Do either of you have any career highlights or favorite moments over the years?

Naomi: Mine would be my debut with Brodus Clay and our former tag partner because it was such a journey getting to that debut. And, of course, when I won the Championship at WrestleMania 33 in my hometown in Orlando—that was awesome.

Jimmy: I think the debut always sticks out with everybody. And the first time I won the championship with my brother. WrestleMania is like the biggest stage of the year; it’s the Super Bowl in our world. In 2015, my brother, Trinity and I got to do a match at WrestleMania with the three of us together on the same team. We flew our kids out to see it in California. We each had our families there, and they all got to see us in the ring together on the big stage. It was such a cool memory.

Okay, you two aren’t the only famous ones in the family. Your dogs, Tank and Marley, have nearly 20K followers on Instagram! How do you keep their fans at bay?

Naomi: OMG. My dad is so upset by this. He’s a musician and has his own band, trying to get followers for gigs and shows. He really doesn’t understand why our dogs have so many followers and they don’t even do anything. I started their Instagram just to entertain myself, because we are obsessed with our dogs. They give us so much comfort and help us destress. But then I started to see that people really like them, so I kept it going, and now they really do have their own little fan base. We definitely miss them when we’re traveling. The constant traveling is the hardest part of the job for me—performing is the easy and fun part. We miss a lot of birthdays, holidays and events, but it comes with the territory.

Is there anything about the 2022 Road to WrestleMania Tour that you’re looking forward to or anything you would say to hype up people to come out and see it?

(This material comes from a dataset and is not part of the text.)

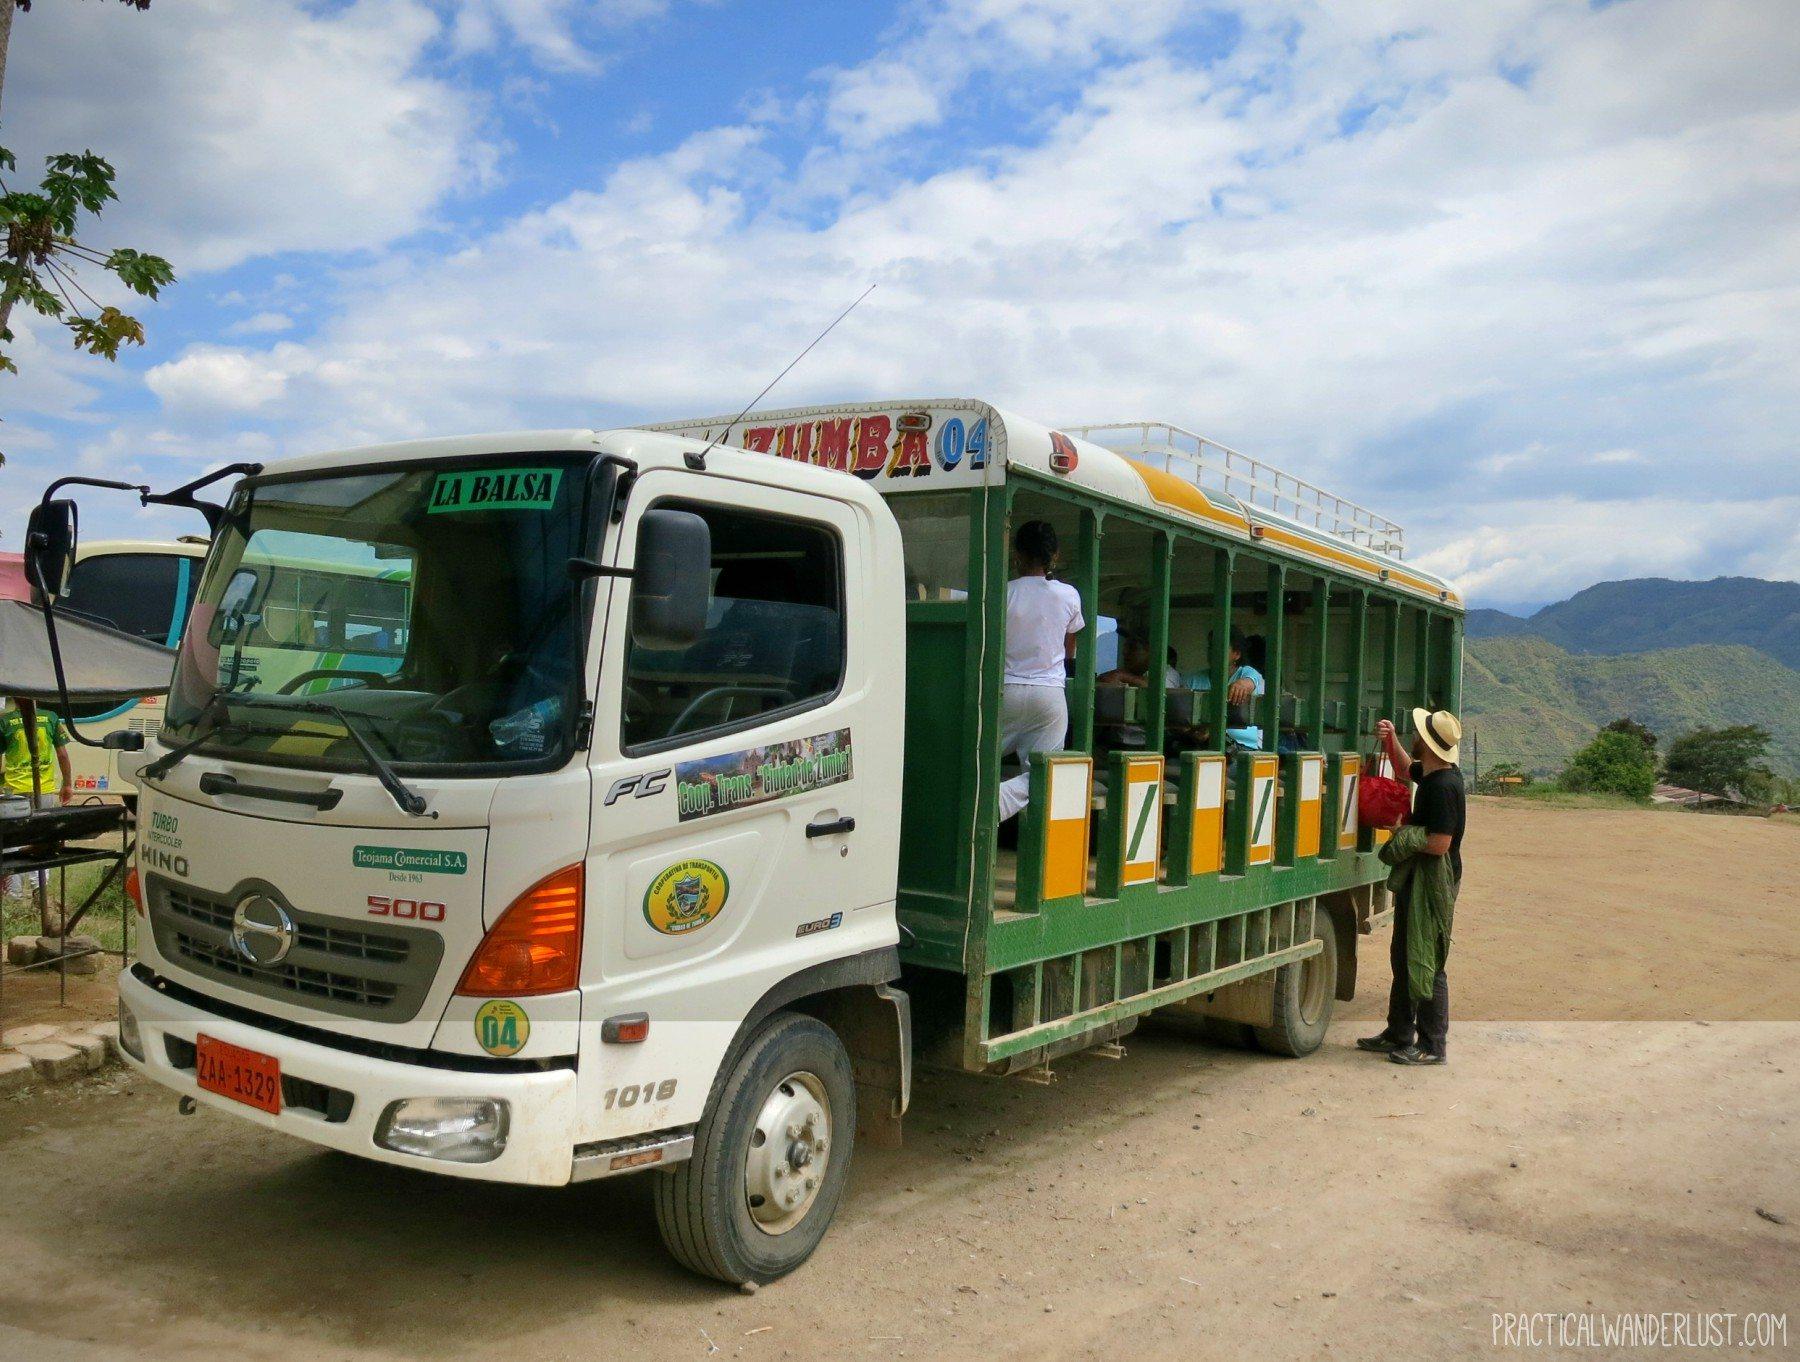 The bumpy Ranchero ride is an adventurous necessary evil to get from Ecuador to Peru via the La Balsa Border Crossing.

Naomi: For me, it’s definitely seeing our fans. After going through the pandemic and not having our fans there to cheer us on, it’s a different kind of appreciation now. It really makes you value them even more. So, I’m just looking forward to being able to go out and see live performances and congregate together again— and not taking that for granted.

Jimmy: If you've never been to a live WWE show, it hits a lot different in person than seeing it on TV. If you haven't been to one, I really encourage you to go out and feel the energy. The crowd is just electric when they announce you in your hometown. Plus, I'm always happy to see a few of Pensacola's own performing in our hometown. Roman Reigns will be there. He’s our number one, Universal Champion. We both grew up here, played football together and went to Escambia High School together. It’s going to be awesome, and I hope people come out to see it.